Version checks are pretty much out of the question, as they
fail as soon as downstream releases enter the picture. A
few ways we could deal with the situation:
1) switch to PCI Express on newer machine types, and
expose some sort of capability through QMP so that
libvirt can know about the switch
2) switch between legacy PCI and PCI Express based on a
machine type option. libvirt would be able to find out
whether the option is available or not, and default to
either
<controller type='pci' model='pci-root'/>
or
<controller type='pci' model='pcie-root'/>
based on that. In order to support multiple PHBs
properly, those would have to be switchable with an
option as well
3) create an entirely new machine type, eg. pseries-pcie
or whatever someone with the ability to come up with
decent names can suggest :) That would make ppc64
similar to x86, where i440fx and q35 have different
root buses. libvirt would learn about the new machine
type, know that it has a PCI Express Root Bus, and
behave accordingly
Option 1) would break horribly with existing libvirt
versions, and so would Option 2) if we default to using
PCI Express.

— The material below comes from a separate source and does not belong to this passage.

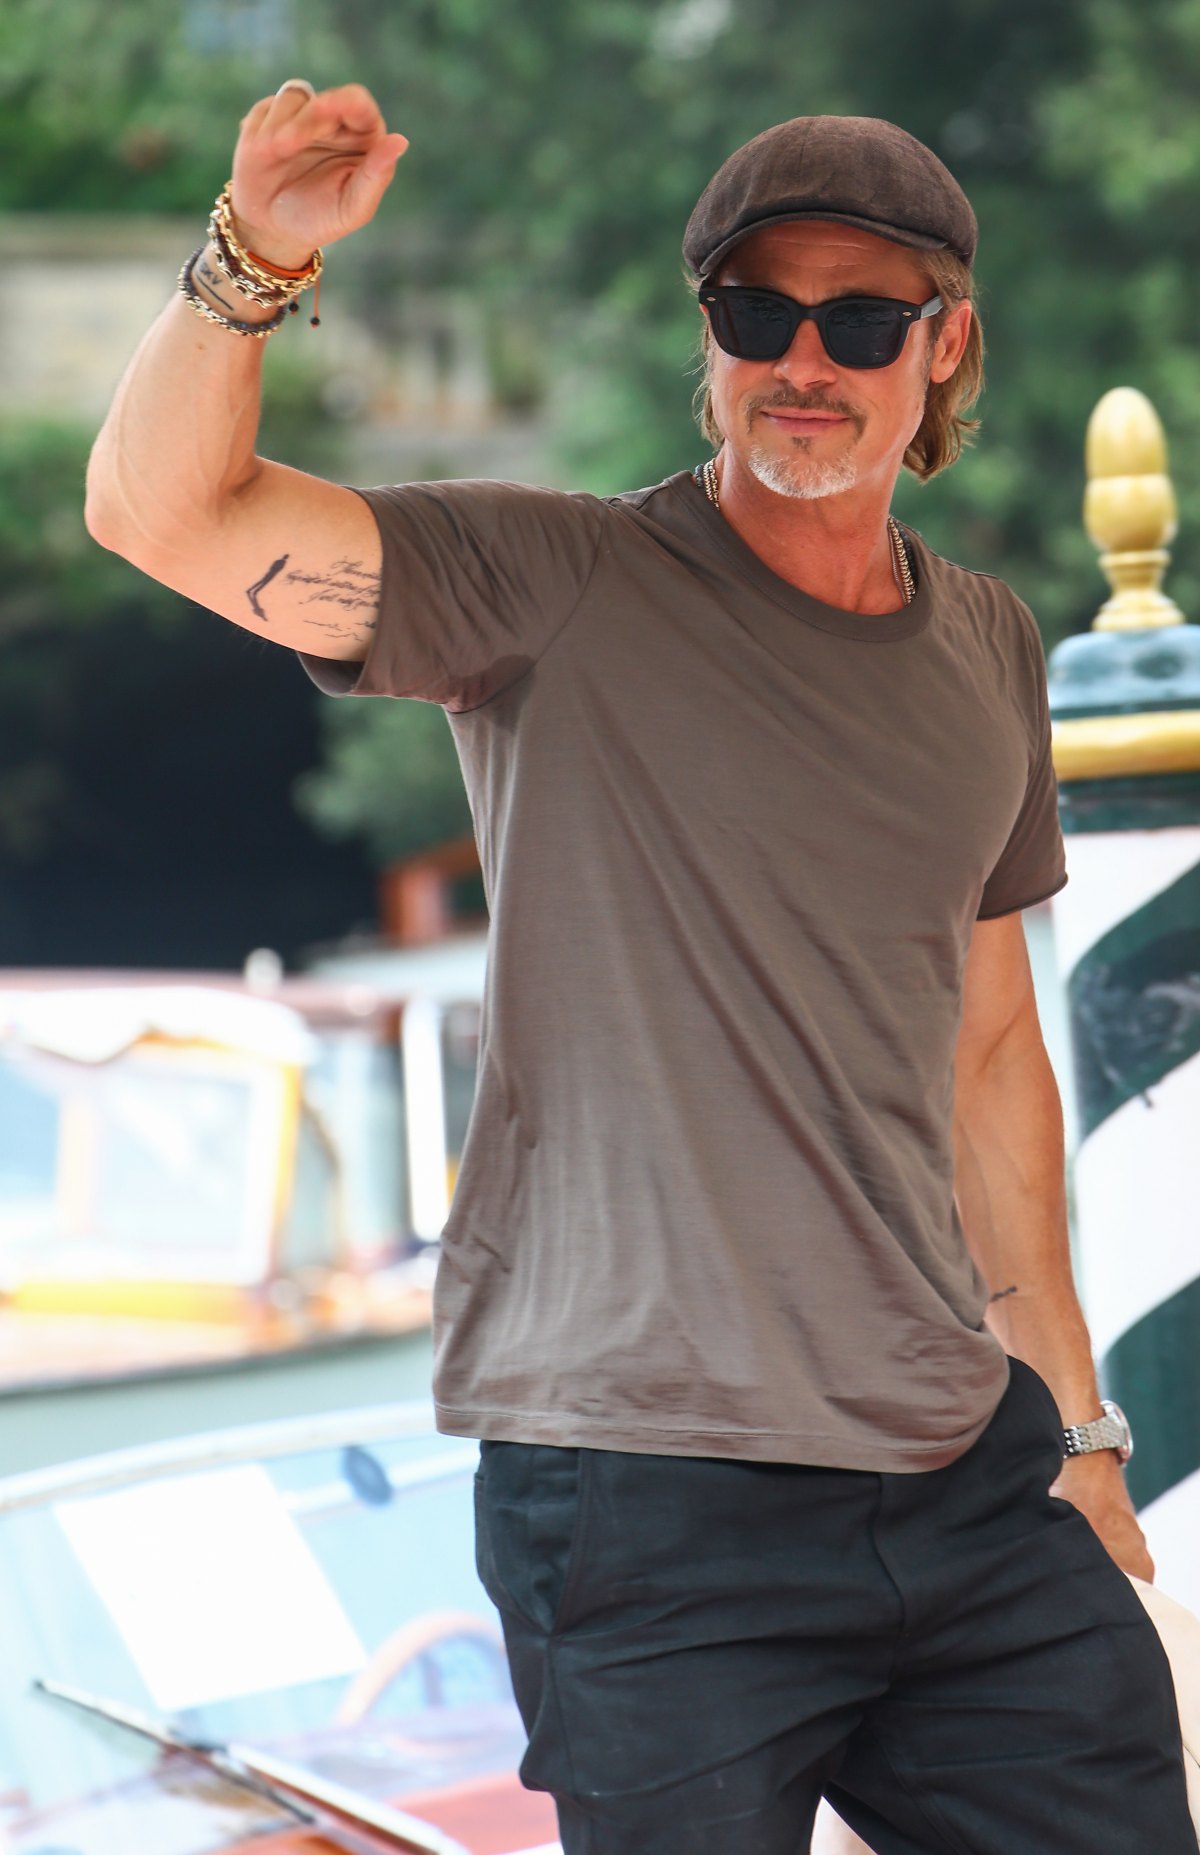 Brad Pitt Tattoo Collection: His Ink Photos, Meanings of Tattoos

Option 2) with default to legacy PCI and
option 3) would work just fine with existing libvirt
versions AFAICT, but wouldn't of course expose the new
capabilities.
Option 3) is probably the one that will be less confusing
to users; we might even decide to take the chance and fix
other small annoyances with the current pseries machine
type, if there's any. On the other hand, it might very well
be considered to be too big a hammer for such a small nail.
--
Andrea Bolognani / Red Hat / Virtualization